The changes noted in body weight gain in males and females were within the range expected for rats used in this type of study and were therefore considered not indicative of toxicity.

Gross pathology:

No abnormalities were found at macroscopic post mortem examination of the animals .

Interpretation of results:

not classified

Remarks:

Migrated information Criteria used for interpretation of results: EU

Conclusions:

The results obtained with the substance Blown linseed oil are suitable for the regulatory purpose of REACH for the substance Blown castor oil: LD50 dermal (rat): >2000 mg/kg body weight.

Endpoint conclusion

Endpoint conclusion:

no adverse effect observed

Additional information

Acute toxicity studies are available for the oral and dermal route. Exposure via inhalation is unlikely taking into account the vapour pressure of the substance.

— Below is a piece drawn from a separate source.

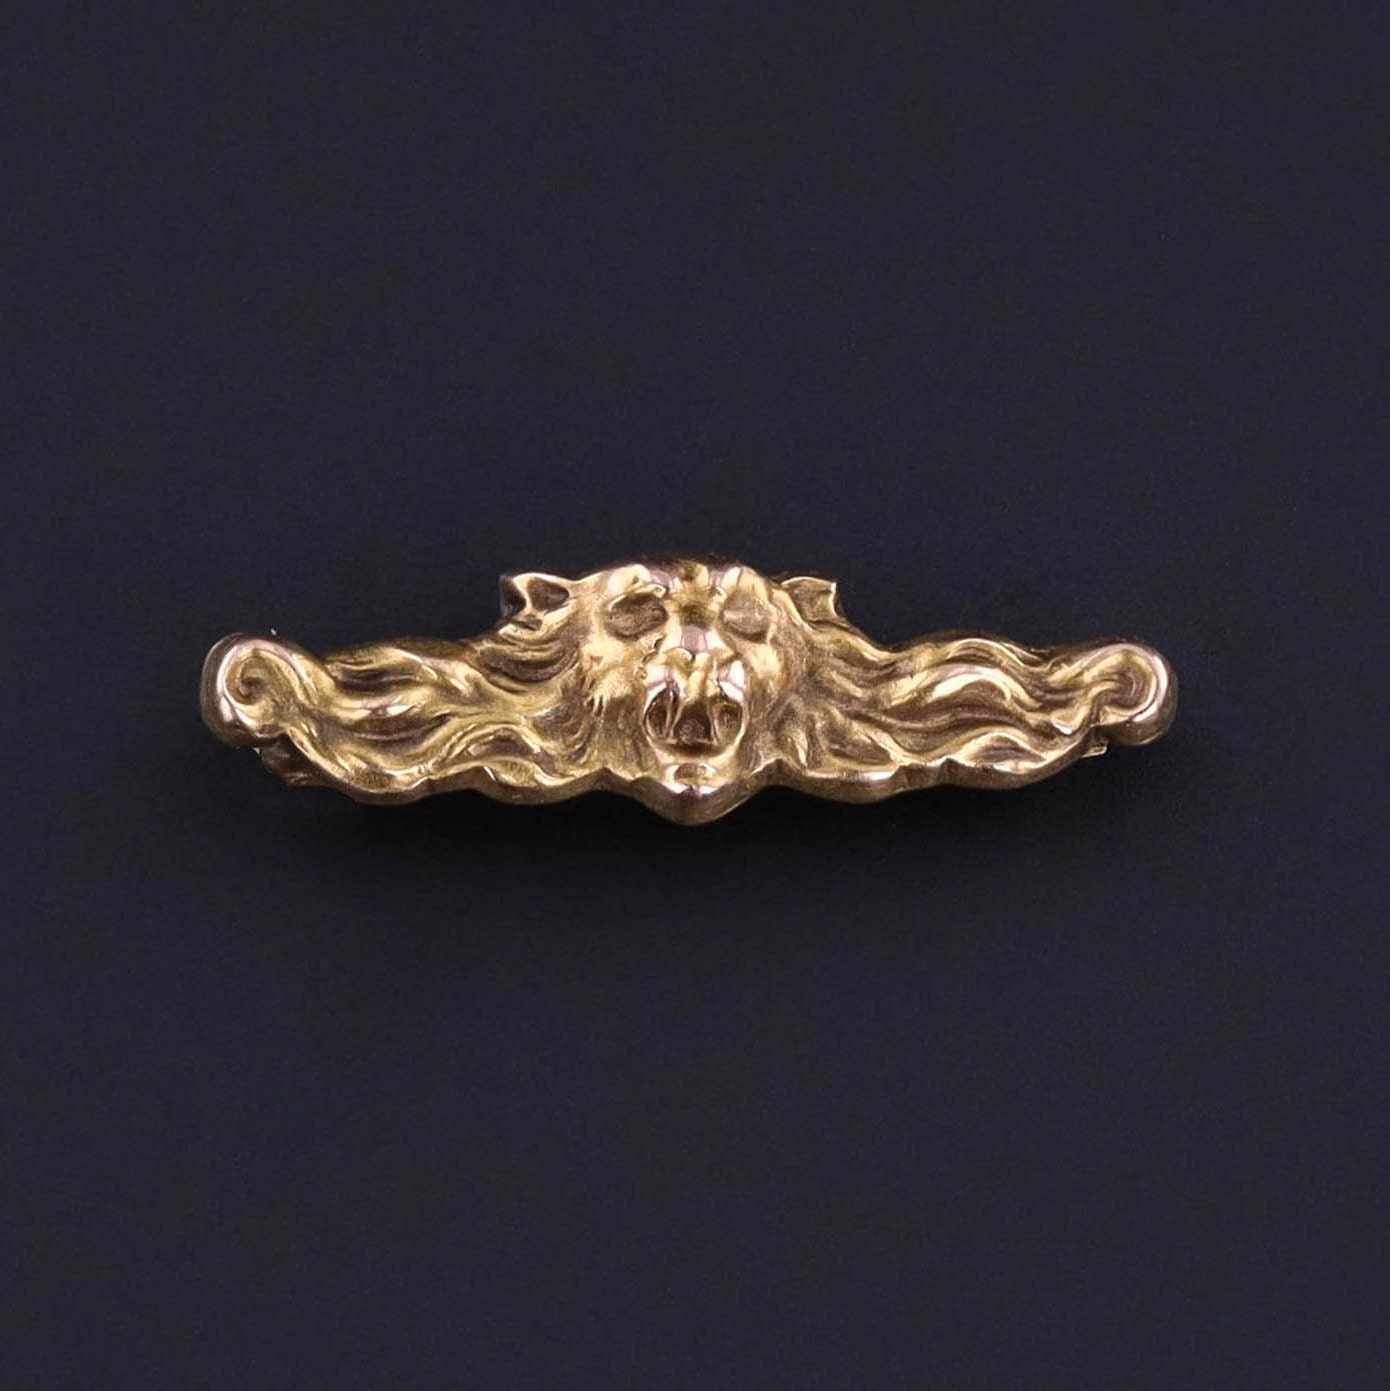 Antique Lion Lace Pin of 10k Gold
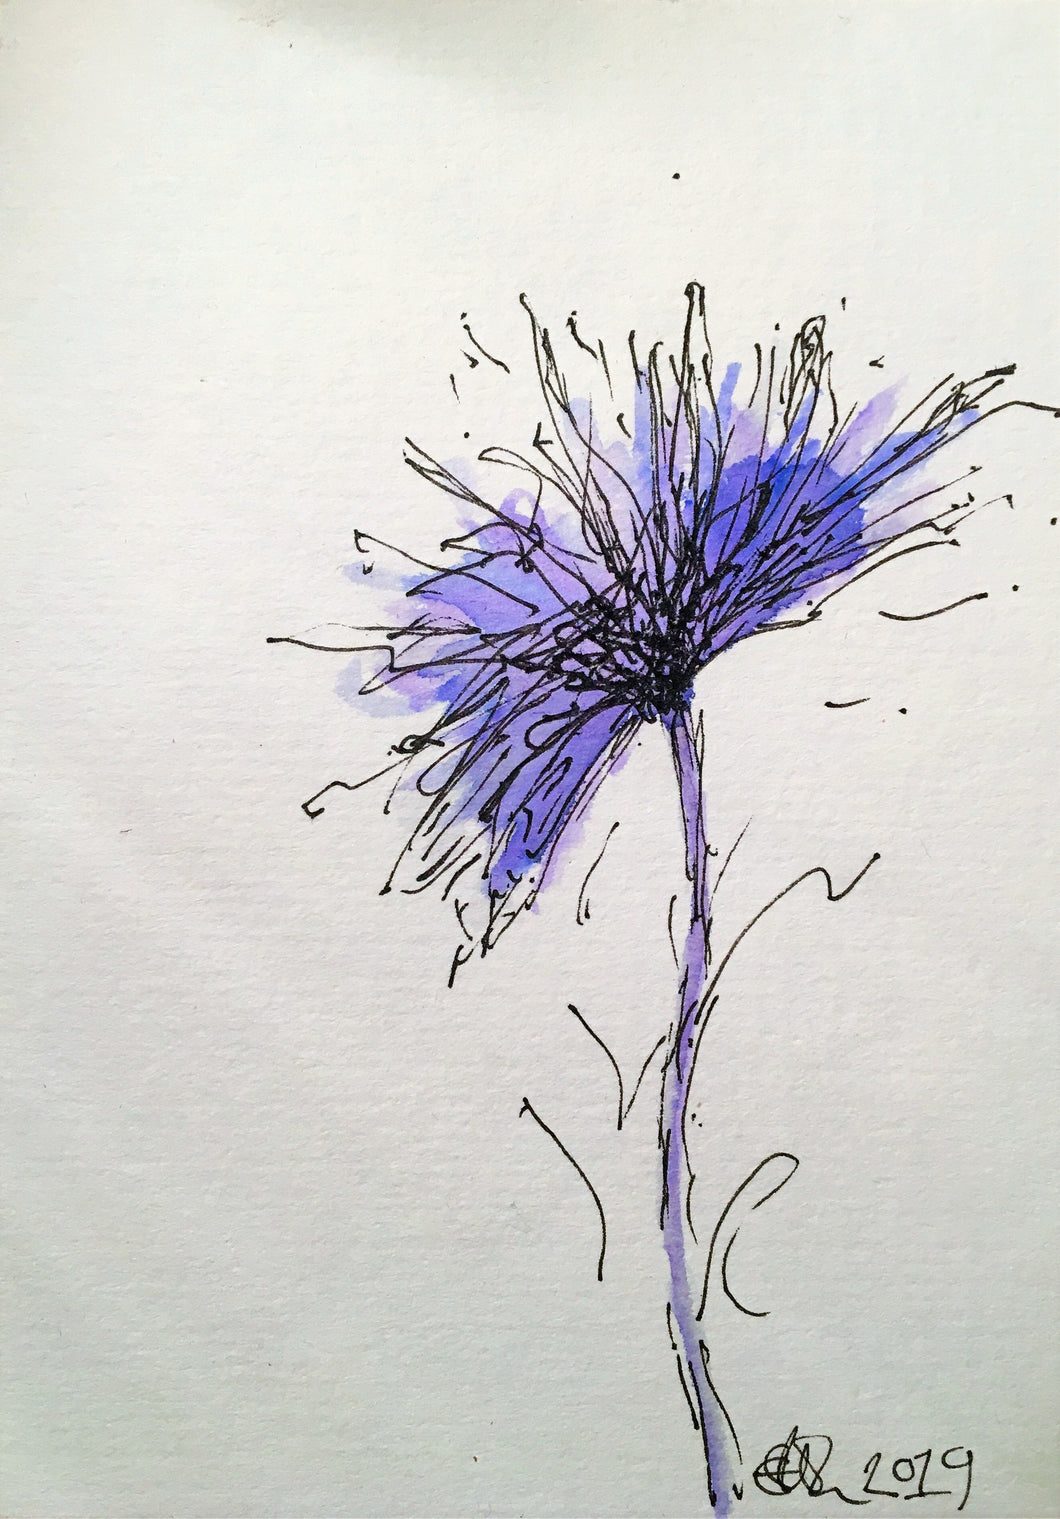 Handpainted Watercolour Greeting Card - Abstract Blue/Purple Spikey Flower Design - eDgE dEsiGn London

An acute oral toxicity test in rats was performed according to the fixed-dose procedure (OECD 420). Following a sighting test at a dose level of 2000mg/kg bw, an additional four fasted female animals were administered a single oral dose of test item (Castor oil, oxidized), as a solution in arachis oil BP, at a dose level of 2000 mg/kg bw. Clinical signs and bodyweight development were monitored during the study and all animals were subjected to gross necropsy.

No mortality was noted and no signs of systemic toxicity. No abnormalities were noted at necropsy. The oral LD50 of the test item in the female Wistar strain rat was estimated to be greater than 2000 mg/kg bw under the conditions of this study.

An acute dermal toxicity test in rats was performed according to OECD402, with read across substance Blown linseed oil. 5 Rats were exposed to 2000 mg/kg of the test substance for 24h under occlusion. Mortality, body weight, and clinical signsy were observed up till 14 days after exposure. Furthermore, necropsy of the survivors was performed at the end of the observation period.

No mortality was noted and no signs of systemic toxicity. No abnormalities were noted at necropsy. The results obtained with the substance Blown linseed oil are suitable for the regulatory purpose of REACH for the substance Blown castor oil, therefore an LD50 dermal (rat) >2000 mg/kg body weight is applicable.

Justification for selection of acute toxicity – oral endpoint
The selected study is the key and only study for this endpoint.

Justification for classification or non-classification

Based on the available information, Blown castor oil does not need to be classified as acute toxic via the oral and dermal route in accordance with the classification criteria outlined in Annex VI of 67/548/EEC and Annex I of 1272/2008/EC.